About dctap

dctap is a Python package for parsing and normalizing spreadsheets or CSV Files that follow the model for DC Tabular Application Profiles (DCTAP) (see installation instructions).

The dctap package includes a command-line tool for viewing the normalized contents of a given TAP in one of three interchangeable formats: a verbose indented-TXT format (for human users) and YAML or JSON (for machines). The tool checks a CSV File for potential violations of the DCTAP model and emits warnings or helpful suggestions.

An Application Profile describes models, vocabularies, and usage patterns that are expected or required to be found in Instance Data. Developing a shared profile can help data providers capture consensus models on the “shape” of data in a given domain and improve the coherence or interoperability of data in that domain. Developing that profile in a simple spreadsheet, using DCTAP, can make it easier for people to participate in that process and use its results.

An Application Profile is also commonly used as a basis for data validation. While the dctap package itself does not support validation (or any other operation touching on instance data), it can however serve as a preprocessor for validation applications downstream.

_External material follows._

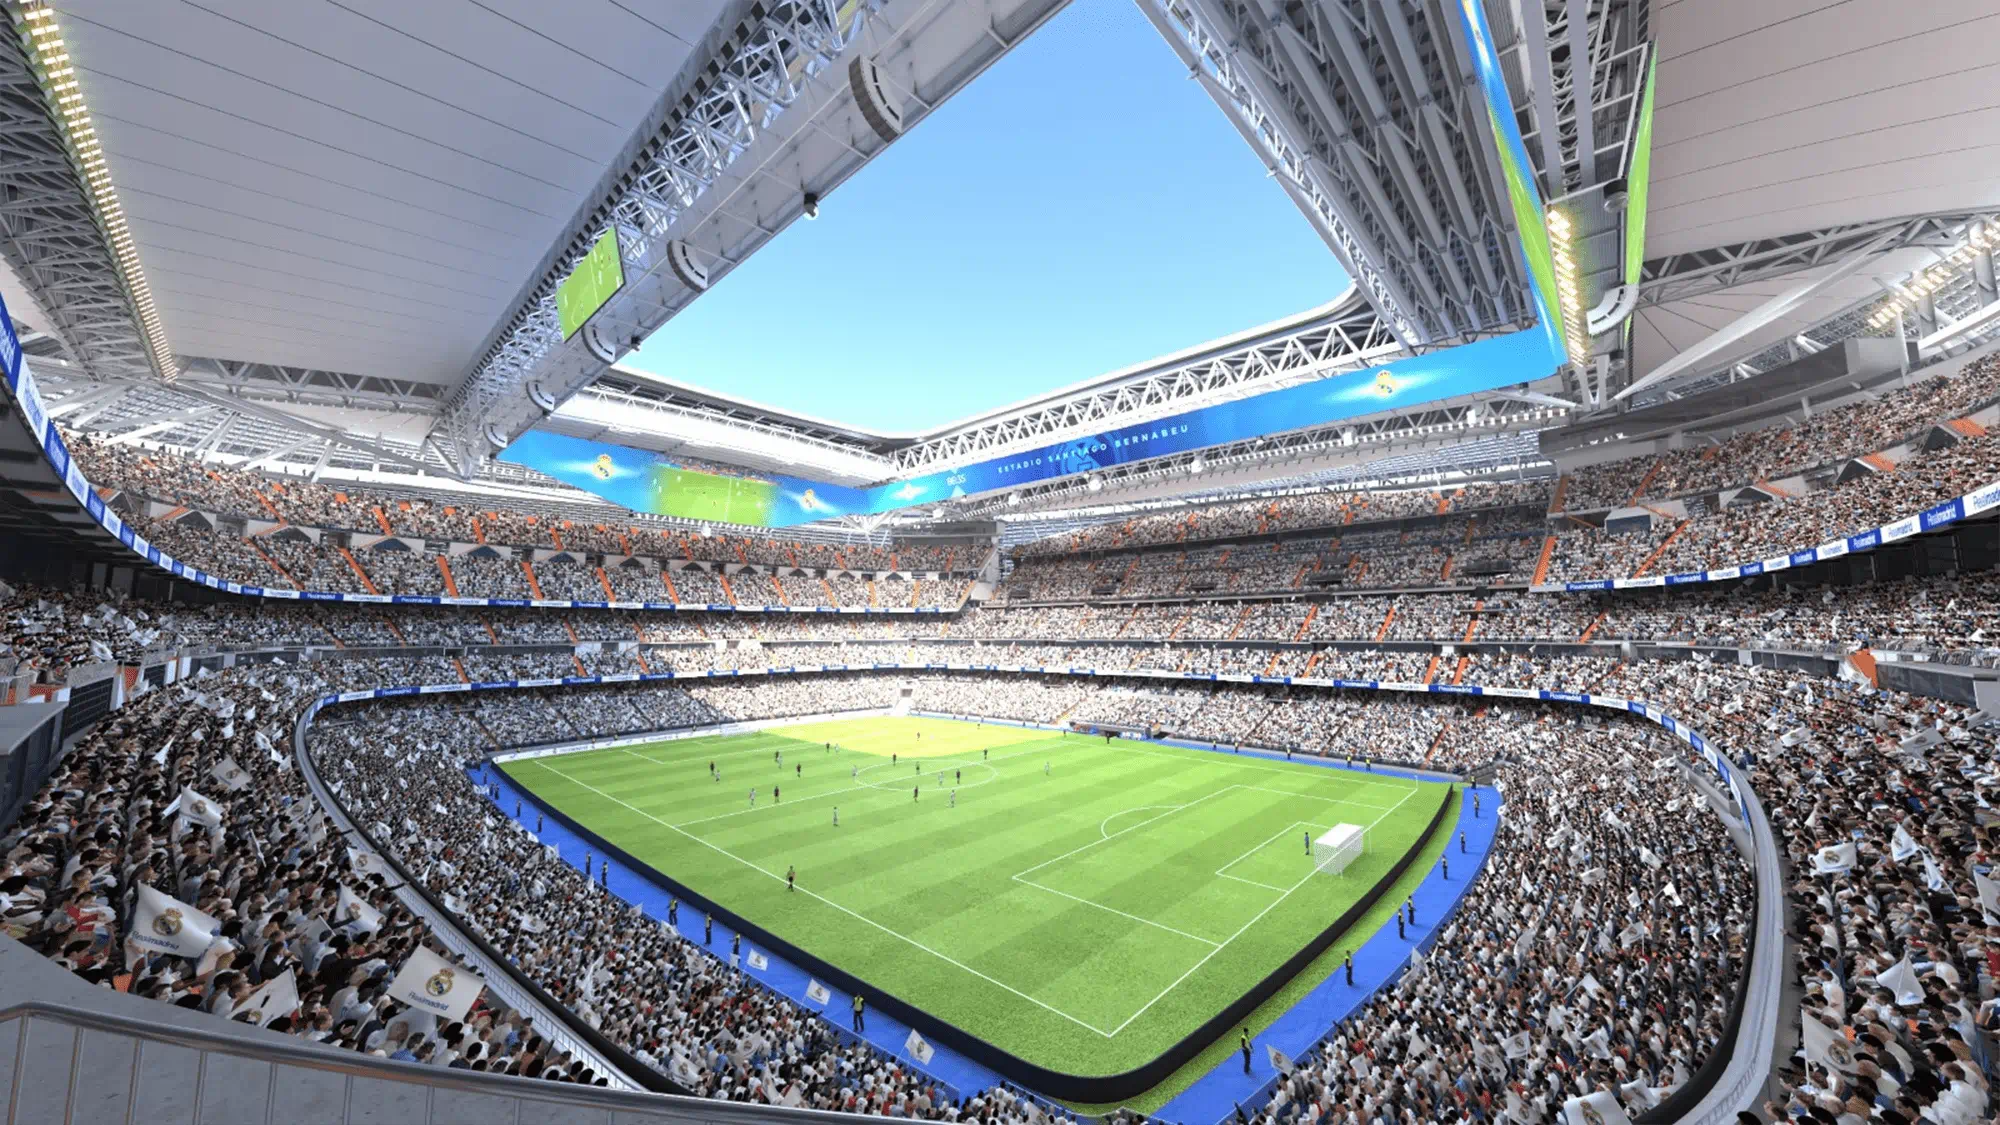 Rehabilitación del Santiago Bernabéu, el emblemático estadio de fútbol  proyectado hacia el futuro - Arup

The normalized representation of a DCTAP CSV in JSON, for example, can be converted into validation schemas expressed in Shape Expressions Language (ShEx) or Shapes Constraint Language (SHACL).

dctap aims at catching a few of the more obvious inconsistencies in a given TAP – malformed regular expressions, the use of literal datatypes with nonliteral values, and the like. These checks are documented below and in extensive unit tests. The checks err on the side of tolerance, and error messages are meant as helpful hints to editors of early drafts. Users are free to customize the DCTAP model with local extensions. Any part of a given TAP not recognized by dctap as a built-in or customized feature of the DCTAP model is simply ignored.